Babe Ruth a was a terror on the ball field and driving up and down Broadway of the upper west side in his roadster. On Thursday April 21st, 1921 a motorcycle cop chased Babe Ruth in his roadster up Broadway from 97th Street as Babe was speeding to the Polo Grounds, the shared home field for both the NY Giants (baseball) and NY Yankees. Ruth would later have to show up at West Side Police Court. Babe Ruth loved cars, but wasn’t particularly skilled behind the wheel. He was often stopped by police. But after learning who he was, most cops simply waved Babe Ruth on. 

Babe's second speeding arrest in 1921. An exception was the officer who nabbed Ruth as he raced his maroon sports car on New York’s Riverside Drive on Thursday June 8th 1921. Taken straight to traffic court, he was sentenced to a day in jail—a “day” being until 4 p.m. The magistrate fined the Babe $100, which he promptly paid with a single bill, and sentenced him to a day in jail. Babe was actually in a cell from 11:30 am to 4 pm. Babe Ruth hightailed it out of the Jail at 300 Mulberry street, and sped away to the Polo Grounds, 9 miles away, to get into the game, New York Yankees against the Cleveland Indians, in the 6th inning at 4:40 p.m. The Yankees won the game in the ninth. Babe Ruth the man whose parents sent him to reform school at age 7—they said he was “incorrigible”—wrecked multiple cars, was arrested for speeding and hit-and-runs, drank prolifically, frequented prostitutes, and was hit with a paternity suit. “He was the most uninhibited human being I have ever known,” said sportswriter John Drebinger. “He just did things.” 

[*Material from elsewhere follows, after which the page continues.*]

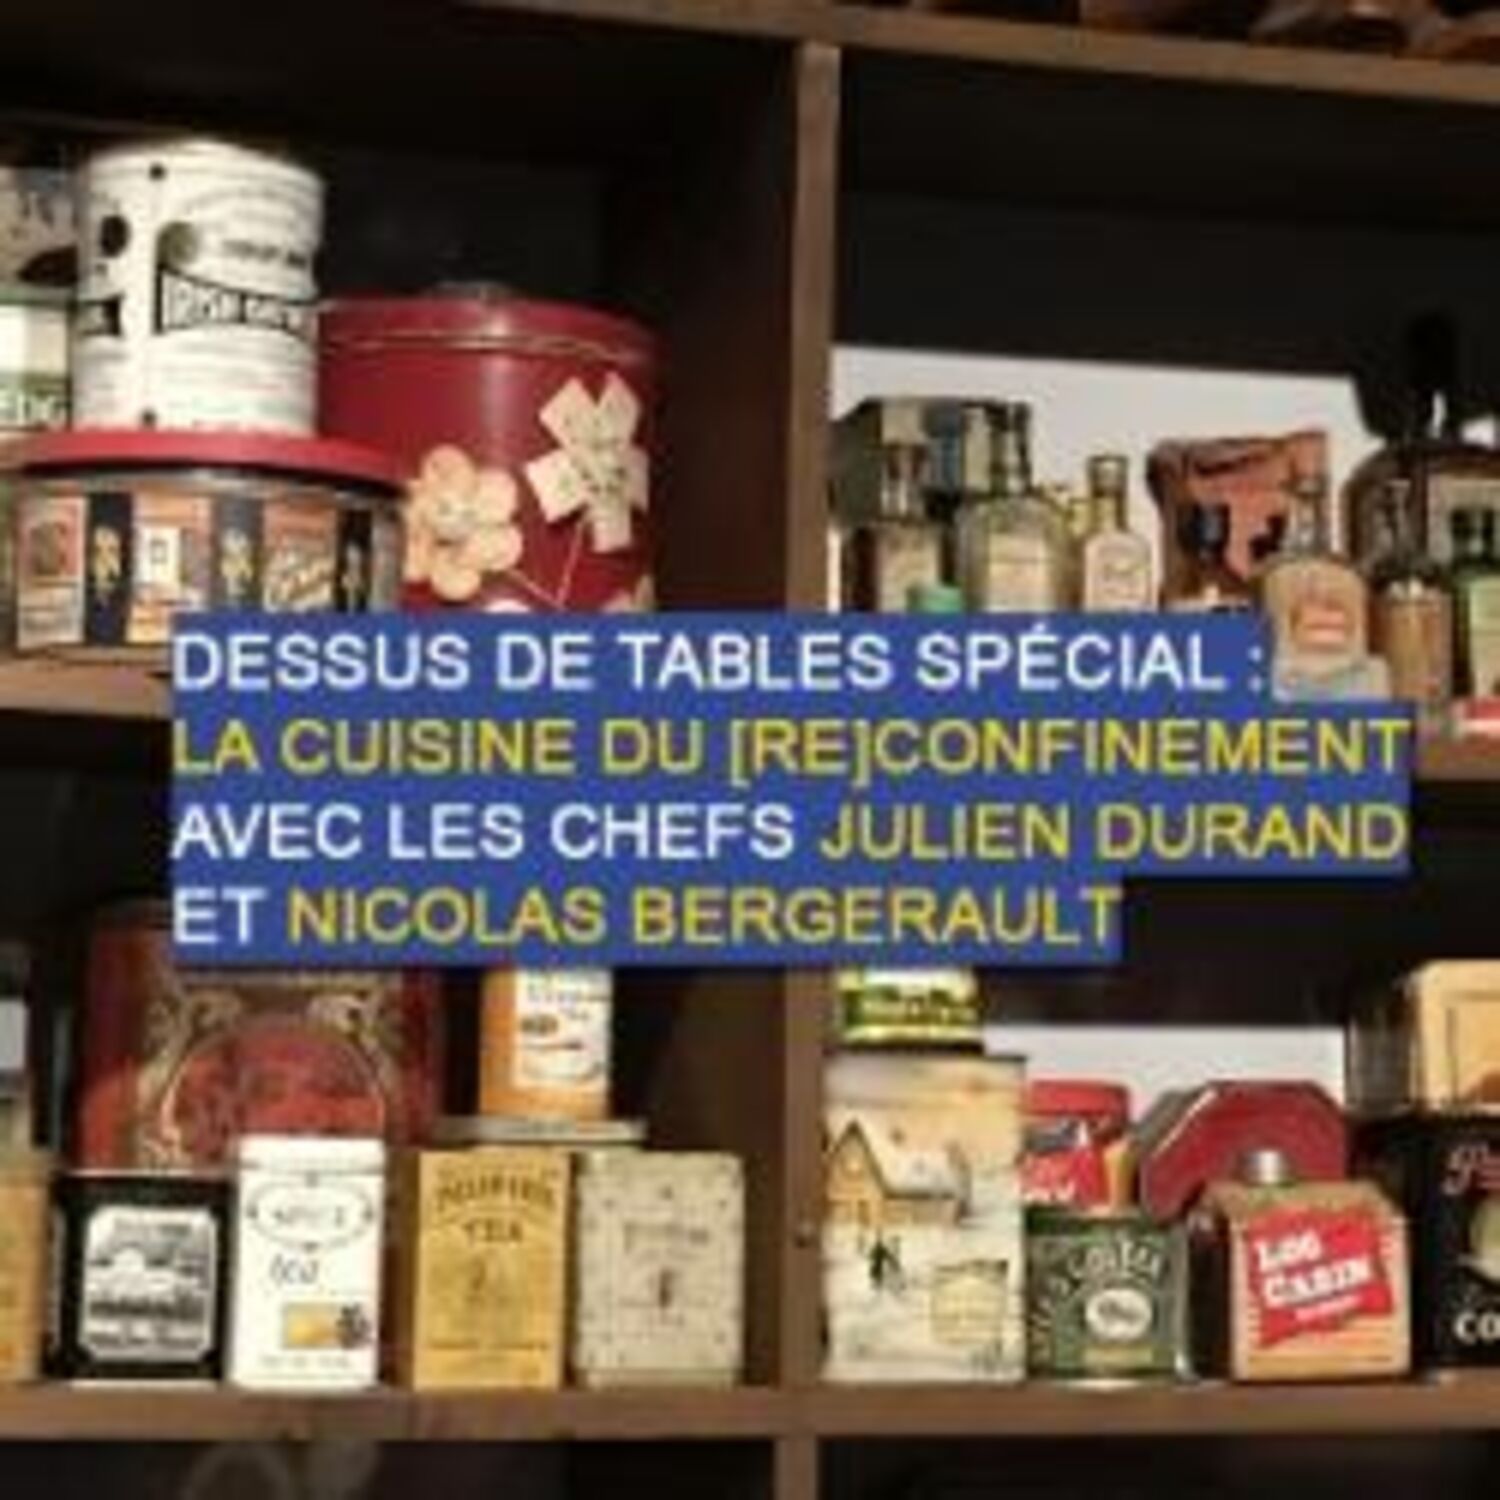 Dessus de tables du 20-03-2021 : La cuisine du (re)confinement

Babe Ruth wasn't an orphan, though he did grow up in a school for orphans. His dad, George Ruth, Sr., owned a saloon downstairs from the family's apartment, and, according to some accounts, a concerned neighbor told the cops a child was living there after a gunfight broke out in the bar. Babe Ruth grew up in a bar, he would frequent bars the rest of his life. The courts then remanded young Ruth to St. Mary’s Catholic Industrial School for Orphans, Delinquent, Incorrigible and Wayward Boys in Baltimore. It's said his parents would get him released temporarily a few times, but his behavior was too wild for them to control and he'd quickly be sent back to the strict Irish priests at St Mary's school.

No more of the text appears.